Великие духи-покровители! Если только вы есть…
С трудом, опираясь на дротик, он встал. Выпрямился. И, ощупывая тропу древком, готовый к тому, что в любой миг может поскользнуться или подвернуться нога, выскользнуть из-под стопы предательский камень, стал медленно спускаться вниз.
5
Странно. Дождь и ветер стихли, как только Аймик очутился внизу. Даже тучи раздвинулись, и Небесная Охотница внезапно залила своим светом водный поток, шумящий по дну ущелья, и расколотую надвое скалу, мрачно поджидающую незваного гостя. Аймик остановился у края потока, соображая, где и как лучше его перейти? (Подумать только. Прежде здесь протекал всего лишь ручеек.) Но глаза его невольно обращались к скале. Свет падал прямо на нее, и в этом неверном сиянии неровности поверхности превращались в какие-то рожи, не человеческие и не звериные, не застывшие – живые: казалось, они хихикали, подмигивали, высовывали языки… Может быть, то была лишь игра теней от туч, несущихся по небу?

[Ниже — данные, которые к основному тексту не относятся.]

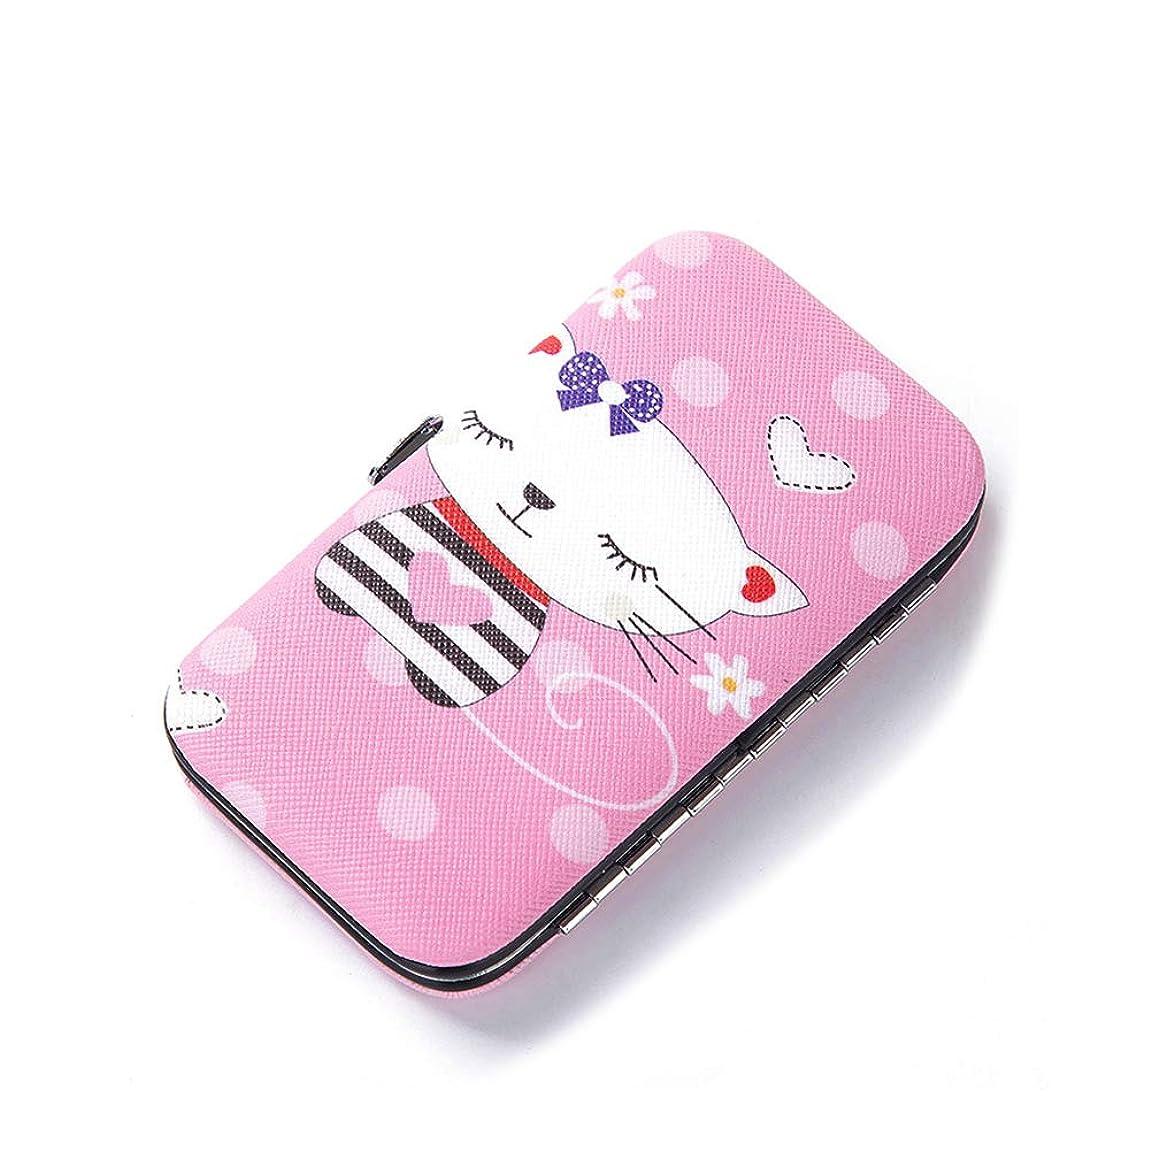 寛容胴体孤児Snner ビューティセット 爪切り 爪磨き 毛抜き ハサミ 耳かき 携帯 持ち運び 旅行 キャラクター (Pink cat)

В черную расщелину взгляд Небесной Охотницы не проник. Там была полная тьма, замкнутая на себя, отталкивающая все окружающее… Теперь Аймик не замечал в этой непроглядной тьме никакого движения… Может быть, ему только мерещилось?
Нужно идти. Как бы то ни было, нужно идти прямо к этим глумящимся харям. И дальше.
С трудом оторвавшись от скалы, Аймик стал внимательно рассматривать поверхность воды, клокочущей в лунном свете. Кто знает, какова теперь ее глубина? В любом случае, на ногах, пожалуй, не удержаться… Ага! Большие камни, омываемые потоком, а между ними еще и палки какие-то торчат, словно специально переправа наведена. Может, так оно и есть, Даду же нужно и в ненастье переправляться туда. Если он, конечно, по воздуху перелететь не может.
Переправа далась нелегко. Если бы не свет Небесной Охотницы, Аймика наверняка бы снесло с камней и поволокло вниз по течению, и еще вопрос, смог ли бы он выбраться на берег. Впрочем, это еще вопрос, смог бы он в темноте вообще найти переправу…
Мокрый и усталый, Аймик стоял у подножья скалы, уходящей в самое небо. Здесь, вблизи, никаких кривляющихся рож не видно, но все равно: по освещенной поверхности камня будто волны какие-то пробегают… Дернувшись, словно в судороге, он отвел глаза. Сейчас не до этого.
Черная расщелина. Оказывается, она не такая узкая, как казалась с той стороны ущелья. Но даже здесь, вблизи, она поражала своей непроглядностью: окутывающий ее мрак сгустился до осязаемого, не пропуская внутрь ни единого луча.